• _TASK STATEMENT_
Write out the data word for word and omit every picture.

• _GIVEN MATERIAL_
•••••

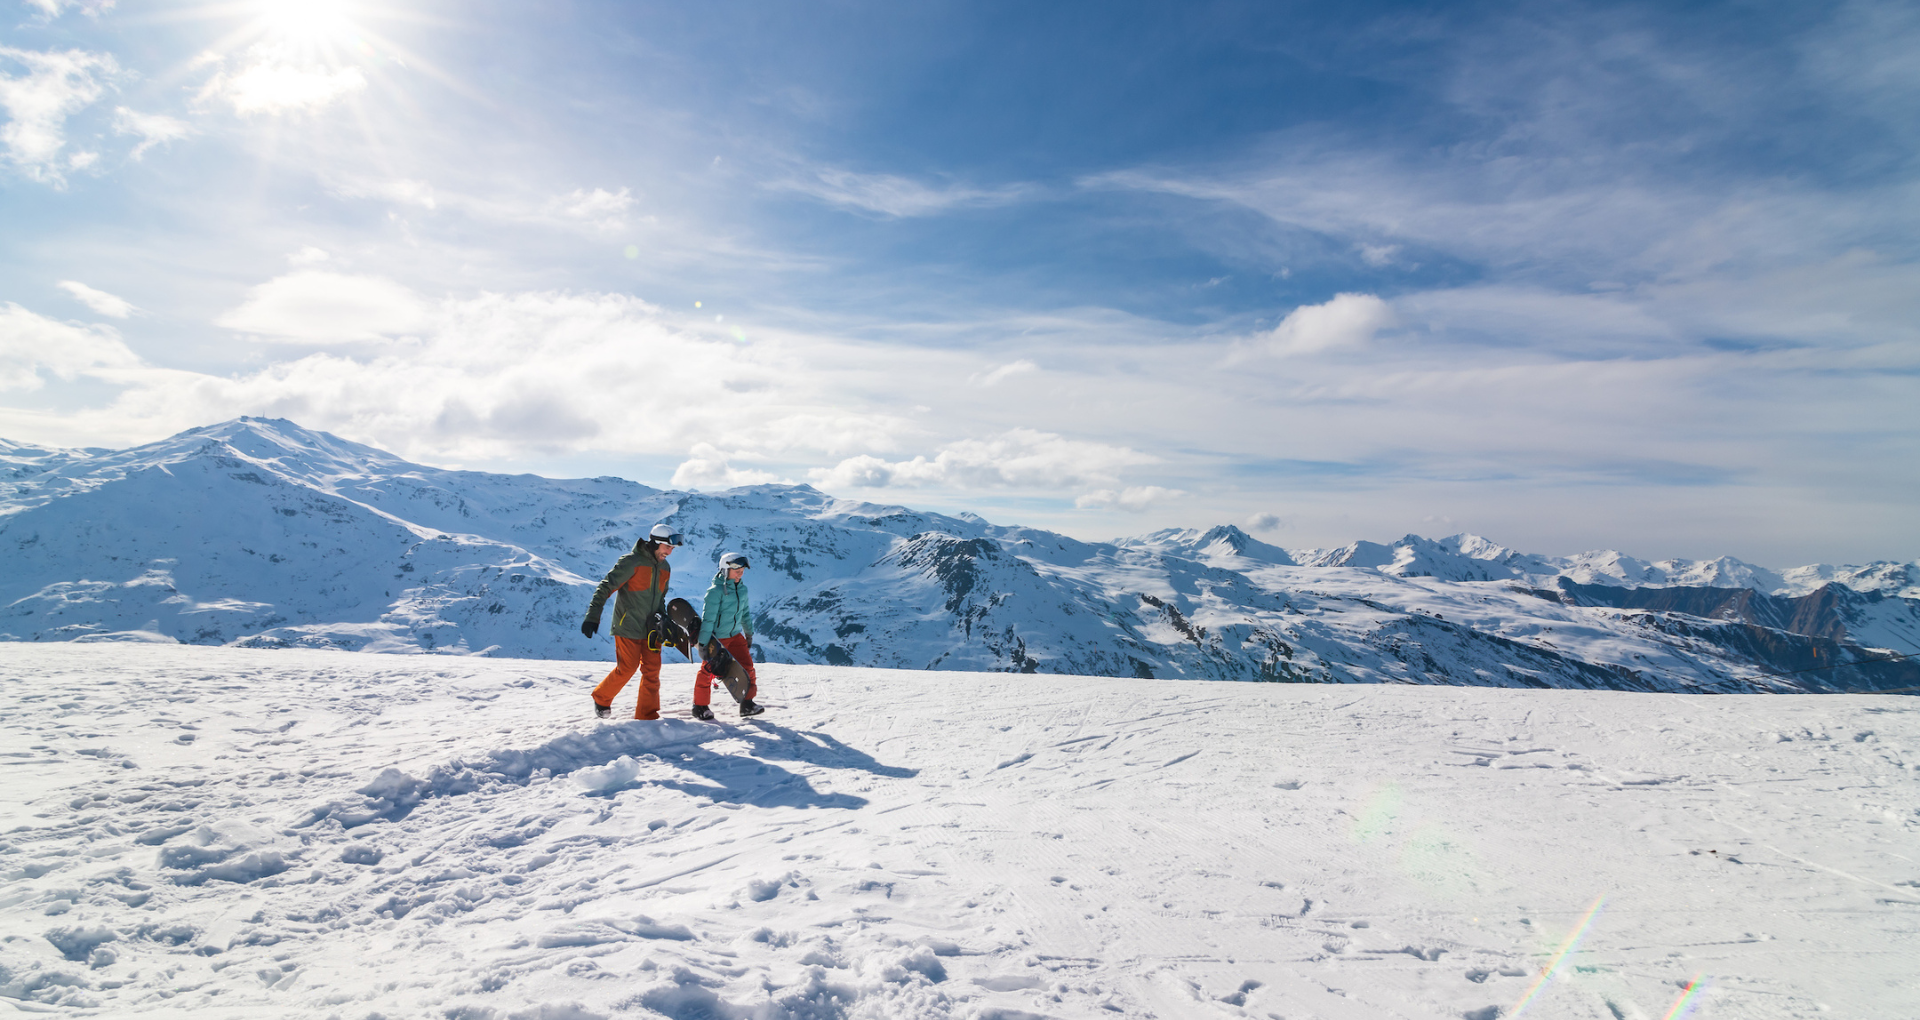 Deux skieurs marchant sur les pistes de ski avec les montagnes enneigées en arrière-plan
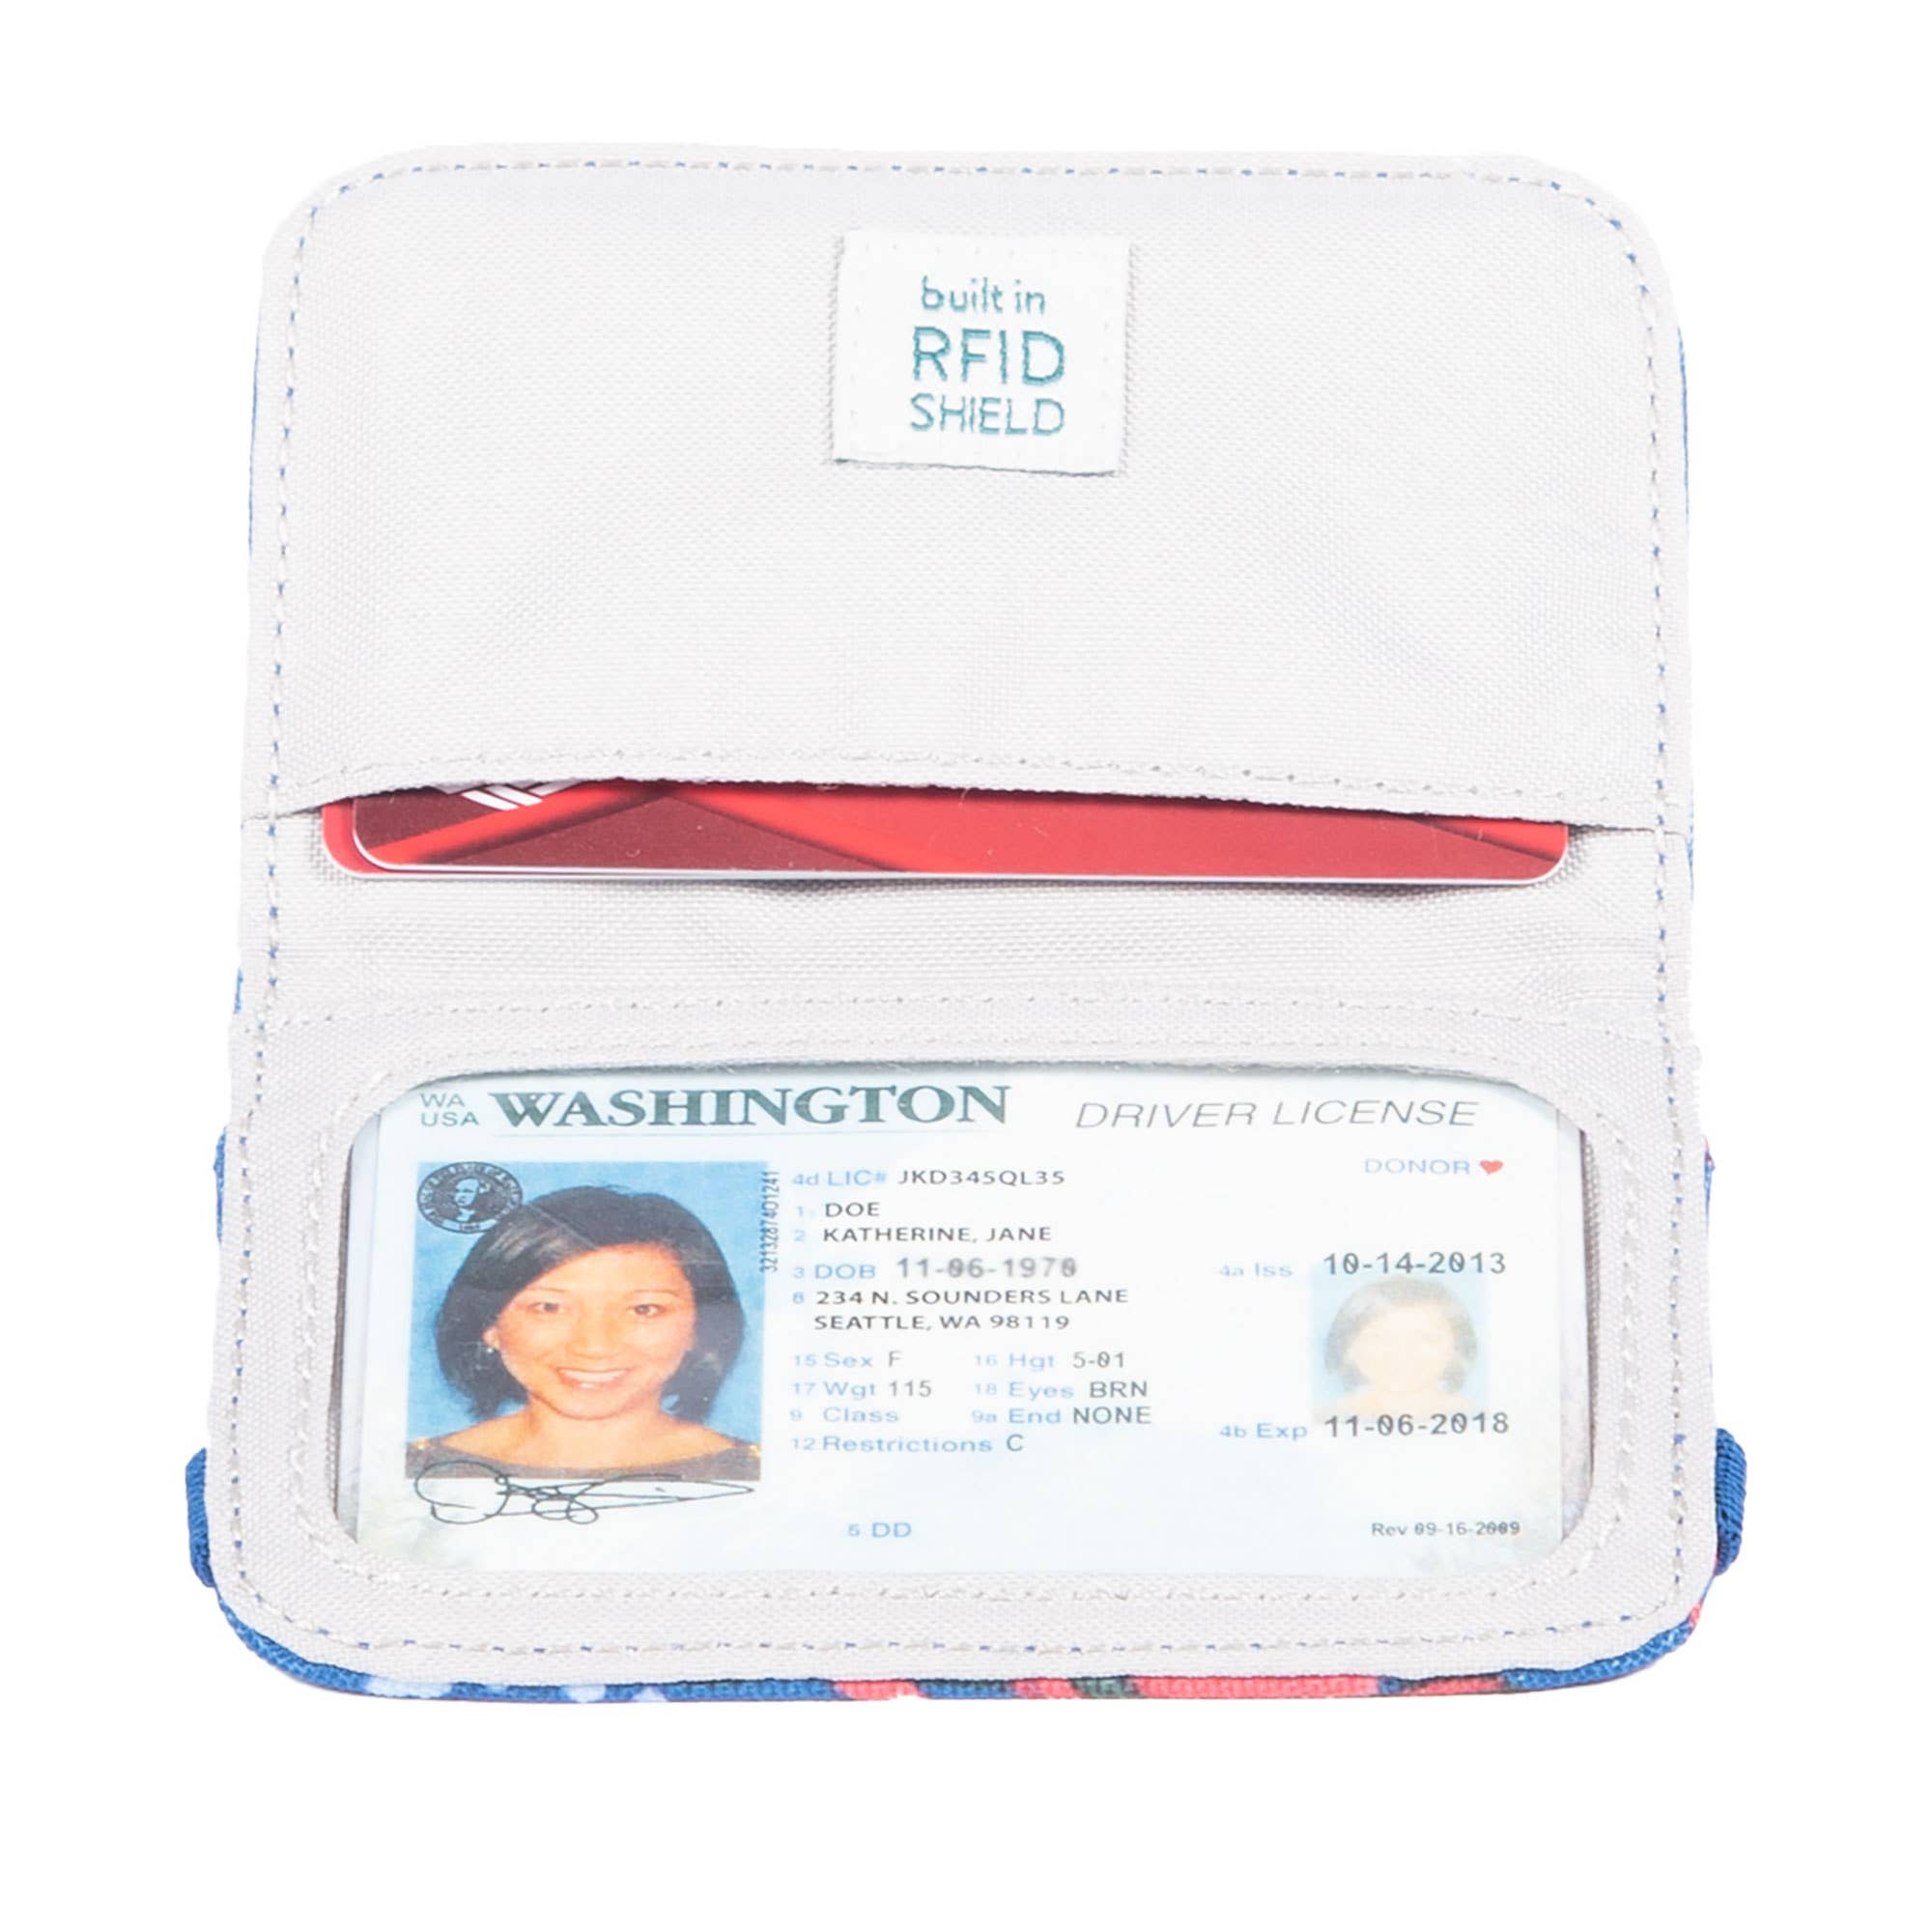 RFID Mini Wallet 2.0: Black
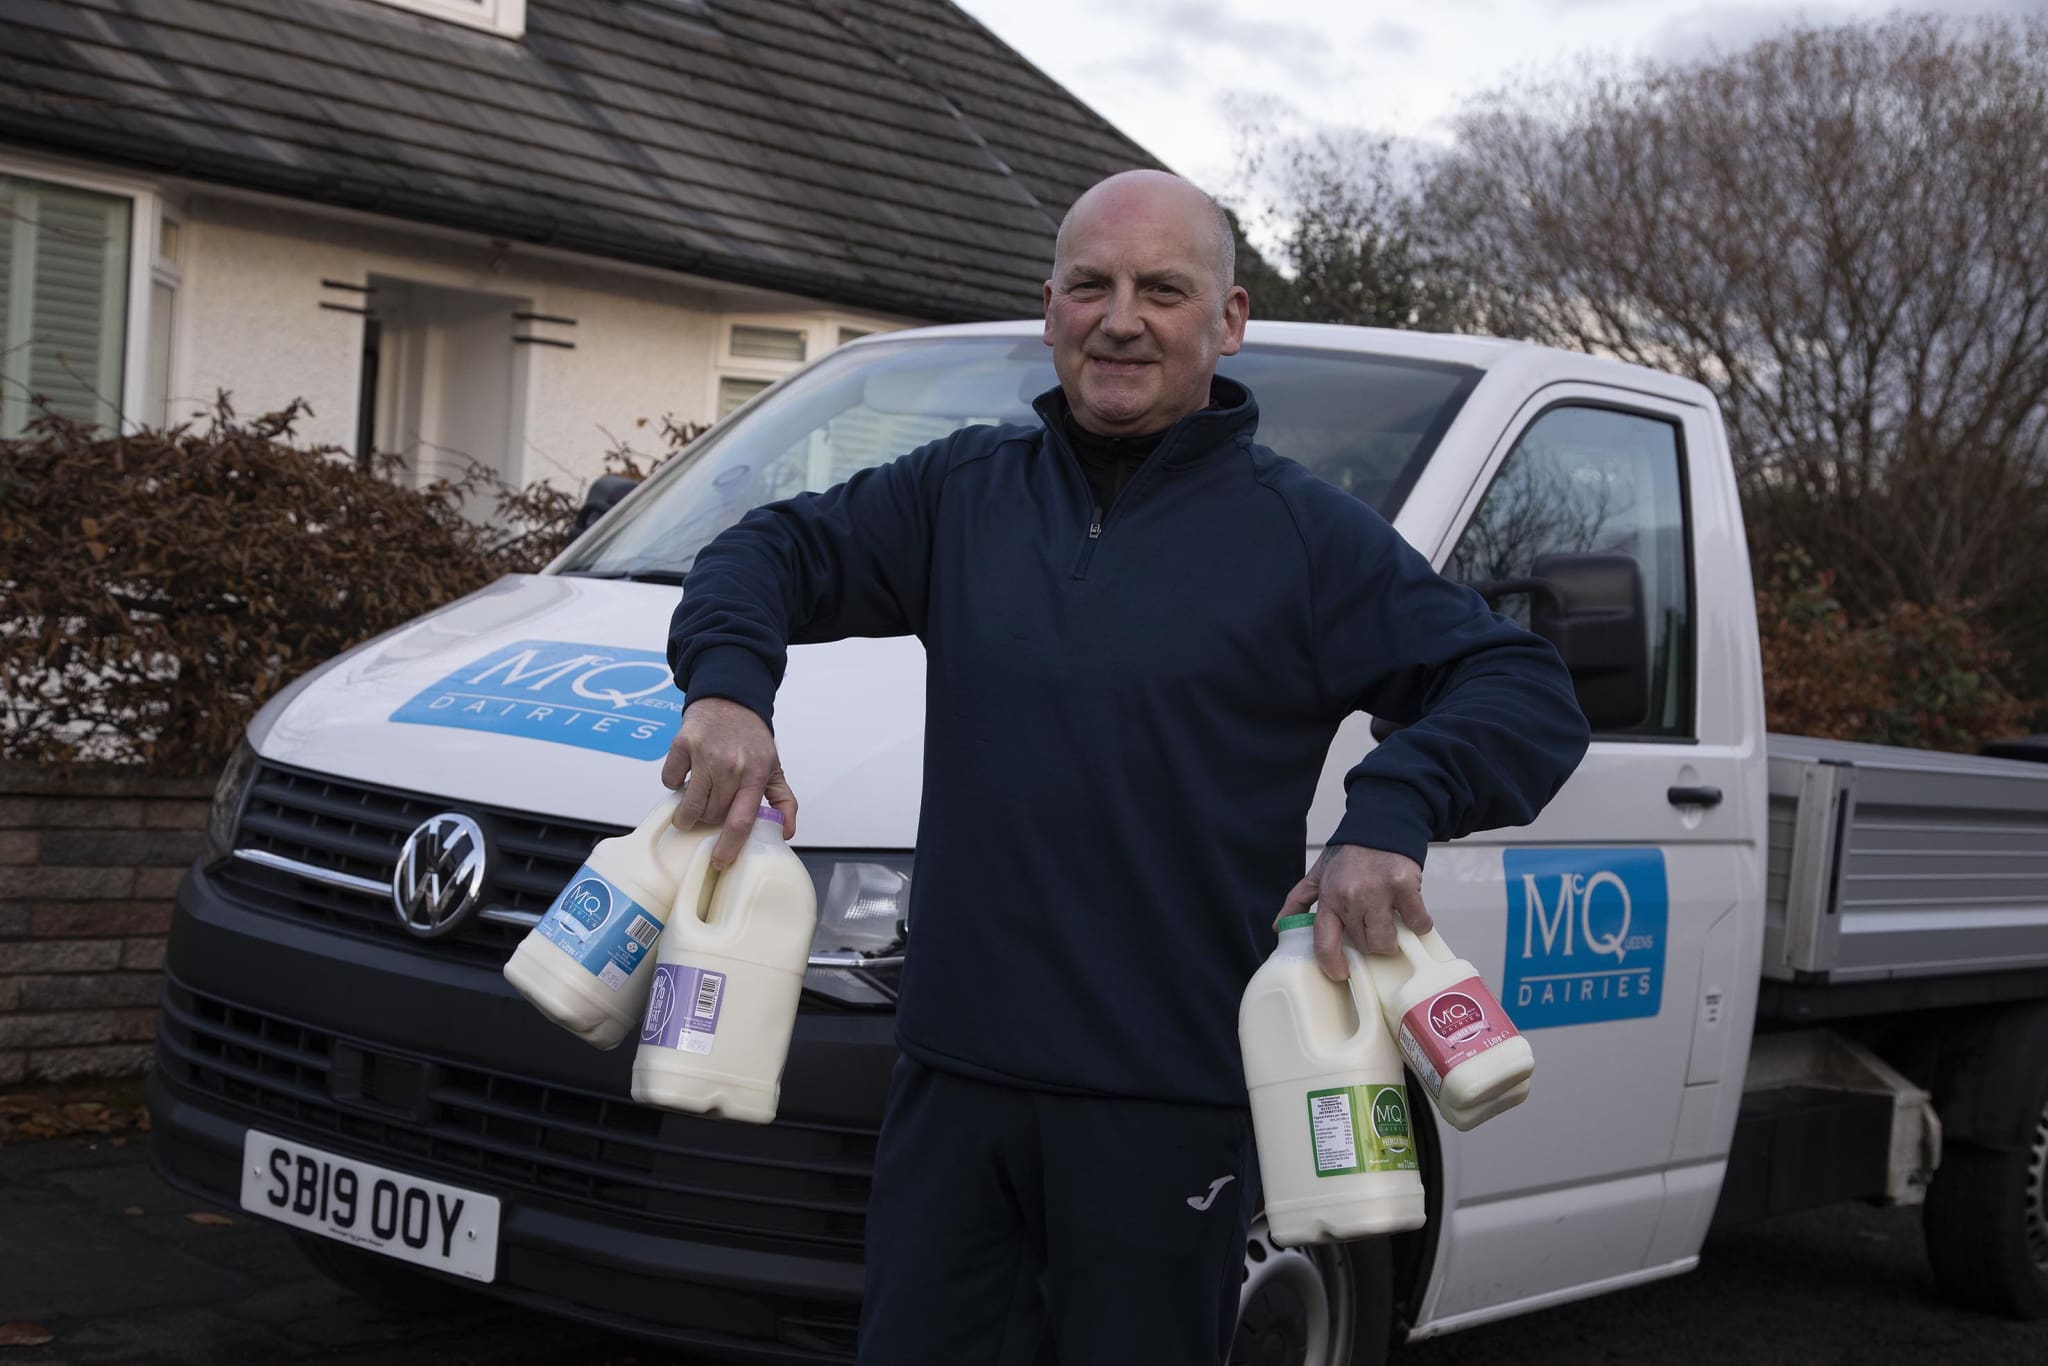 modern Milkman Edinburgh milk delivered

•••••

• _ANSWER TO THE PROBLEM_
 Deux skieurs marchant sur les pistes de ski avec les montagnes enneigées en arrière-plan
 RFID Mini Wallet 2.0: Black
 modern Milkman Edinburgh milk delivered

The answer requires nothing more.